At each sampling point, horses were restrained in their home paddock with a headcollar and lead rope. A physical examination was performed, and photographs were taken of each horse to document the development of hypertrichosis. A hypertrichosis score from 0–5 (Table 1) was recorded and approved by all three authors. Basal ACTH and TRH-stimulation tests were performed at the time of physical examination in the paddock. No horses travelled in the 24 h prior to sampling. All horses received the same free choice pasture and supplemental hay when required, and water ad libitum.

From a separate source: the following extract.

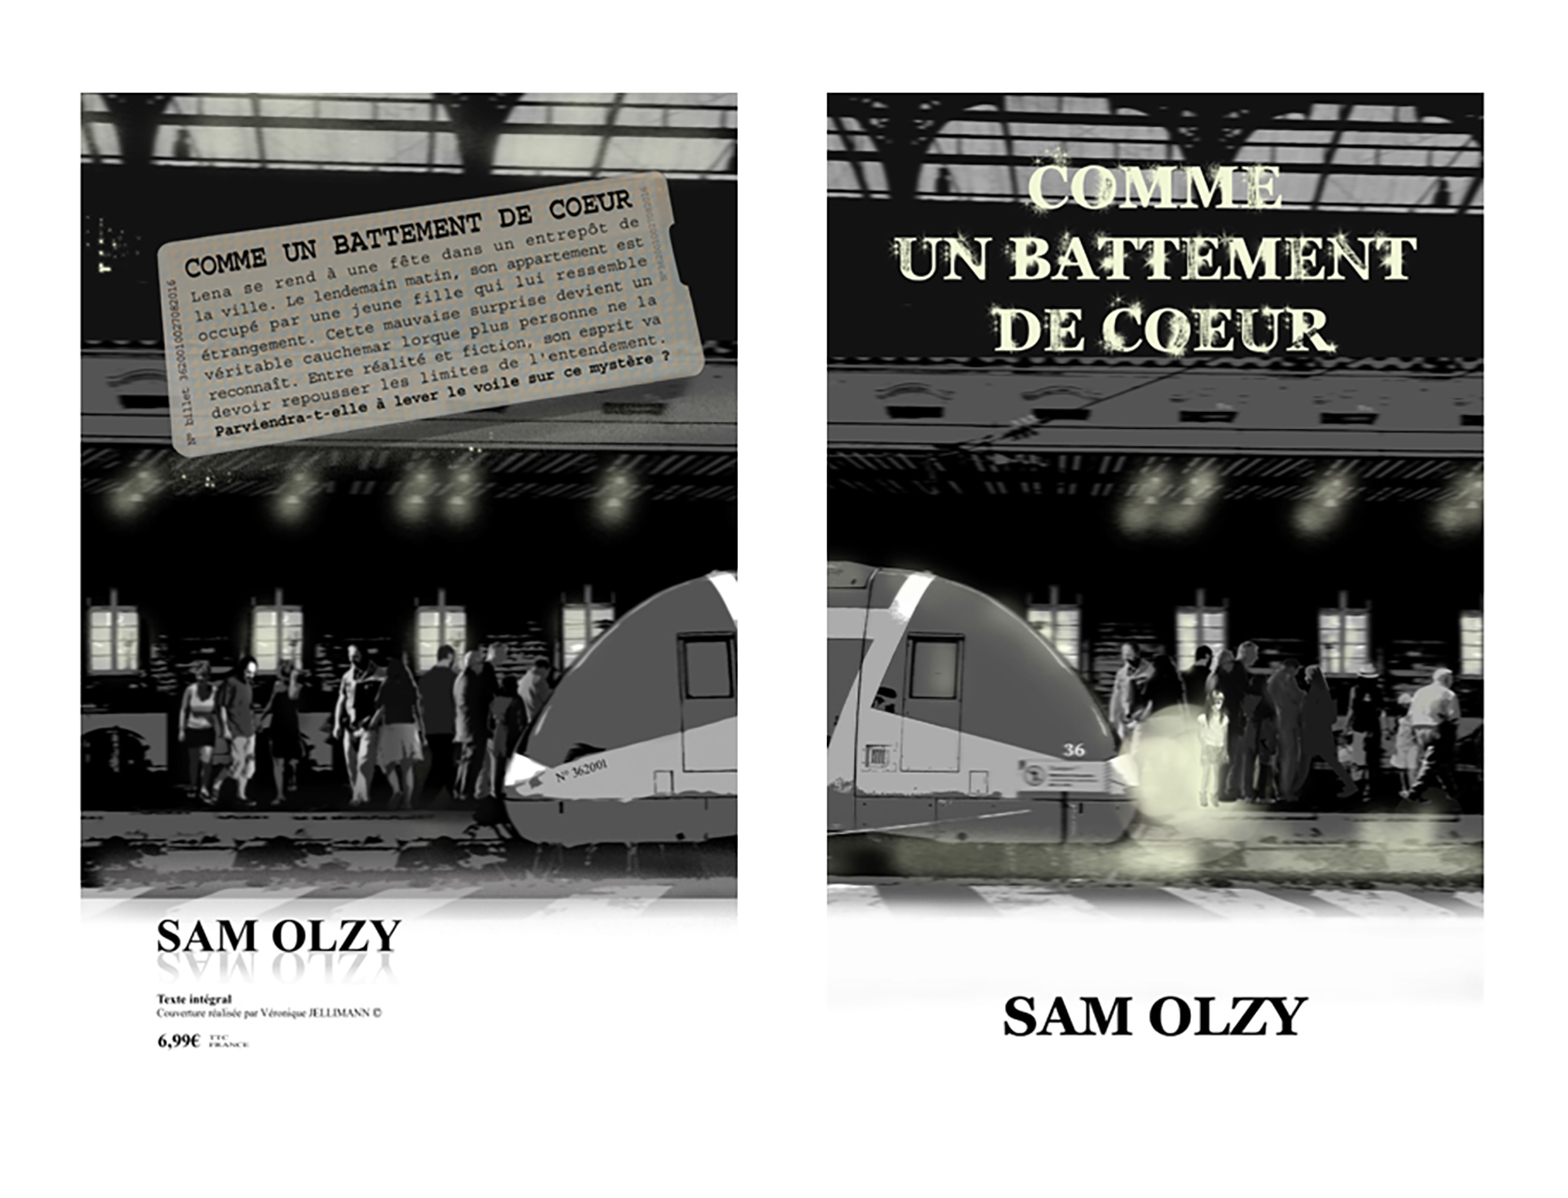 Couverture de livre - Sam Olzy

2.2. Blood Sample Collection and Analysis

Two blood samples immediately before and 30 minutes after intravenous administration of 1 mg of TRH ((Sigma-Aldrich Pty Ltd. [subsidiary of Merck], North Ryde BC, Sydney, Australia) [2,26,37,38,39,40] were collected for subsequent measurement of basal and TRH-stimulated ACTH concentrations. Although a 10 min post-TRH sampling time is often considered more convenient for equine practitioners, the 30 min post-TRH sampling time was selected as this sampling time is considered to be less impacted by delays of up to 30 s [41].

Blood samples were obtained from a jugular vein and collected in plastic EDTA tubes (BD, Belliver Industrial Estate, Plymouth, UK), kept on ice, centrifuged and plasma separated within 2 h of sample collection. Analysis of plasma ACTH concentrations were measured within 4 hours using a chemiluminescent immunoassay immunoassay (Immulite 1000 Chemiluminescent Assay, Siemens, Bayswater, Victoria, Australia) with an interassay coefficient of variation of 4.8% and an intraassay coefficient of variation of 5.4% as previously described [38,40].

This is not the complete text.